Я направился прямо к приемному покою, помещавшемуся в одном из старых, невысоких, почерневших от времени зданий, которые, по сообщениям достоверных источников, не рушились только благодаря тусклозеленой краске, в тридцать семь слоев покрывавшей стены и потолок. Там мне по понедельникам и средам после обеда предоставлялся небольшой кабинет, где я проводил психотерапевтические сеансы с избранными для этой цели больными. Пациенты были избранными в двух смыслах: во-первых, я сам их выбирал, во-вторых, их и в самом деле лечили. Обычно я вел двух пациентов, уделяя каждому по часу два раза в неделю.

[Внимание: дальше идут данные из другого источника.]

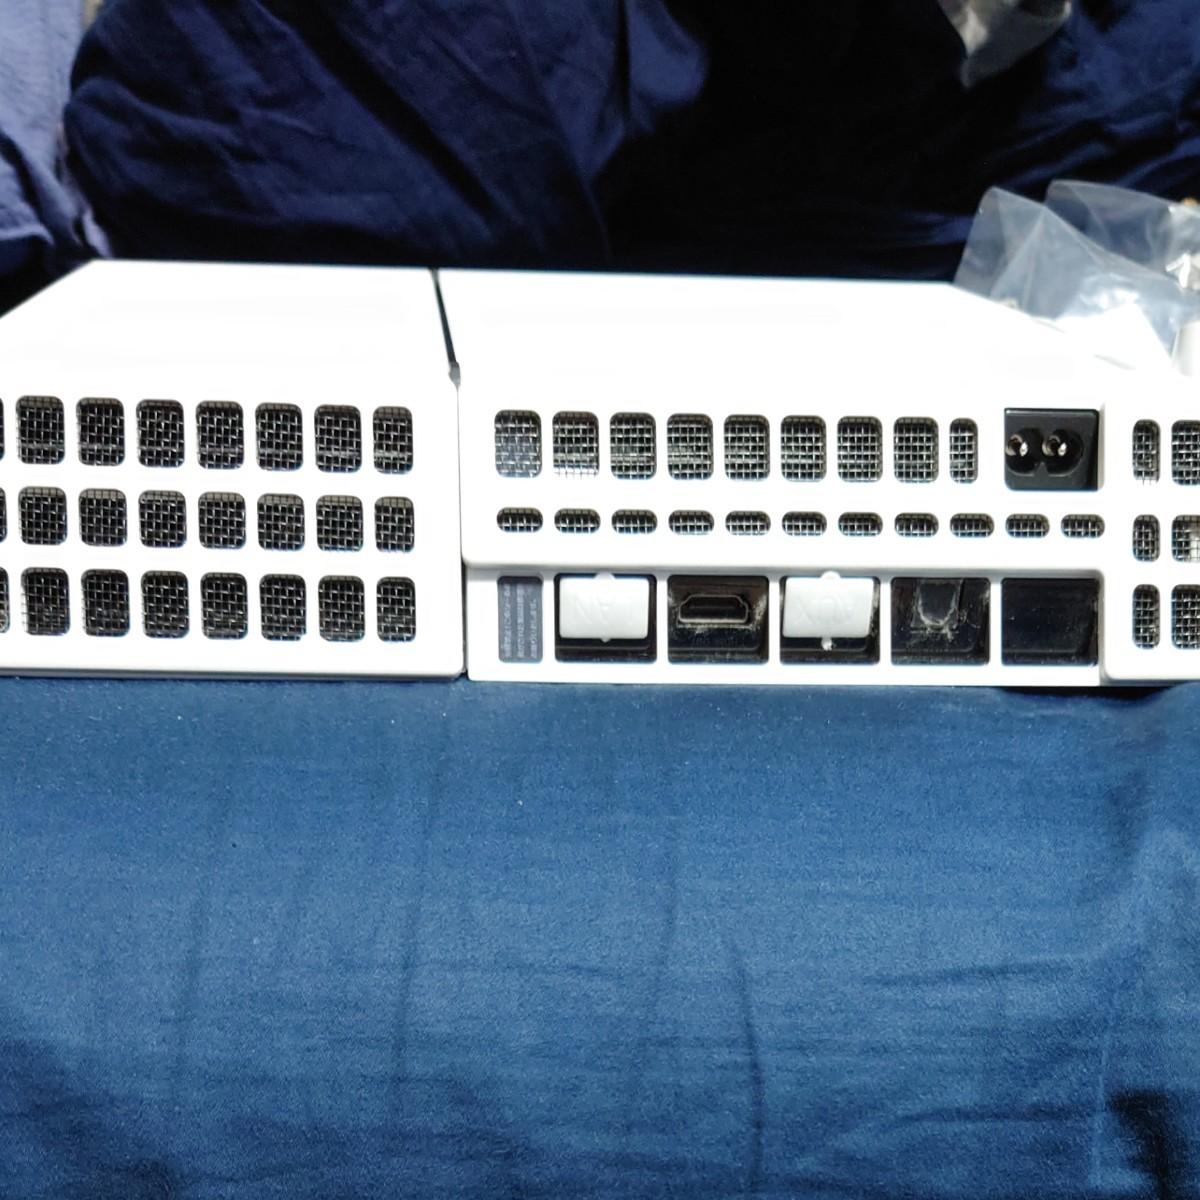 PS4本体、コントローラー2個(元々の付属品+青)、縦型スタンド、ホコリ防止

Но вышло так, что месяц назад один из них напал на санитара с восьмифутовой скамейкой и в процессе успокаивания заработал три сломанных ребра, тридцать два шва и грыжу. Поскольку пятерым санитарам, усмирявшим его, досталось еще больше, возможные обвинения в жестоком обращении с больными показались совершенно беспочвенными, а его, подлечив, перевели в больницу особо строгого режима.
Доктор Манн посоветовал мне взять вместо него семнадцатилетнего юношу, которого собирались госпитализировать по поводу начинающегося религиозного помешательства и бреда величия: за ним стали замечать, что он склонен вести себя так, будто он Иисус Христос. Осталось неясным, считает ли доктор Манн всех иисусов мазохистами — или надеется, что мальчик может быть полезен для моего духовного здоровья.
Другой пациент, негр по имени Артуро Тосканини Джонс, проживал каждое мгновение так, как будто он был черной пантерой, выпущенной на островок размером в полакра, заполненный белыми охотниками с гаубицами. Трудность, с которой я, желая ему помочь, столкнулся прежде всего, заключалась в том, что его видение мира представлялось мне в высшей степени реалистичной оценкой его жизни как таковой. Сеансы наши обычно проходили в тишине: Артуро Тосканини Джонсу нечего было сказать белым охотникам. Я его за это не осуждал, хотя, как приверженец ненаправленной терапии, был все же немного обескуражен: чтобы откликаться эхом, мне требуются звуки.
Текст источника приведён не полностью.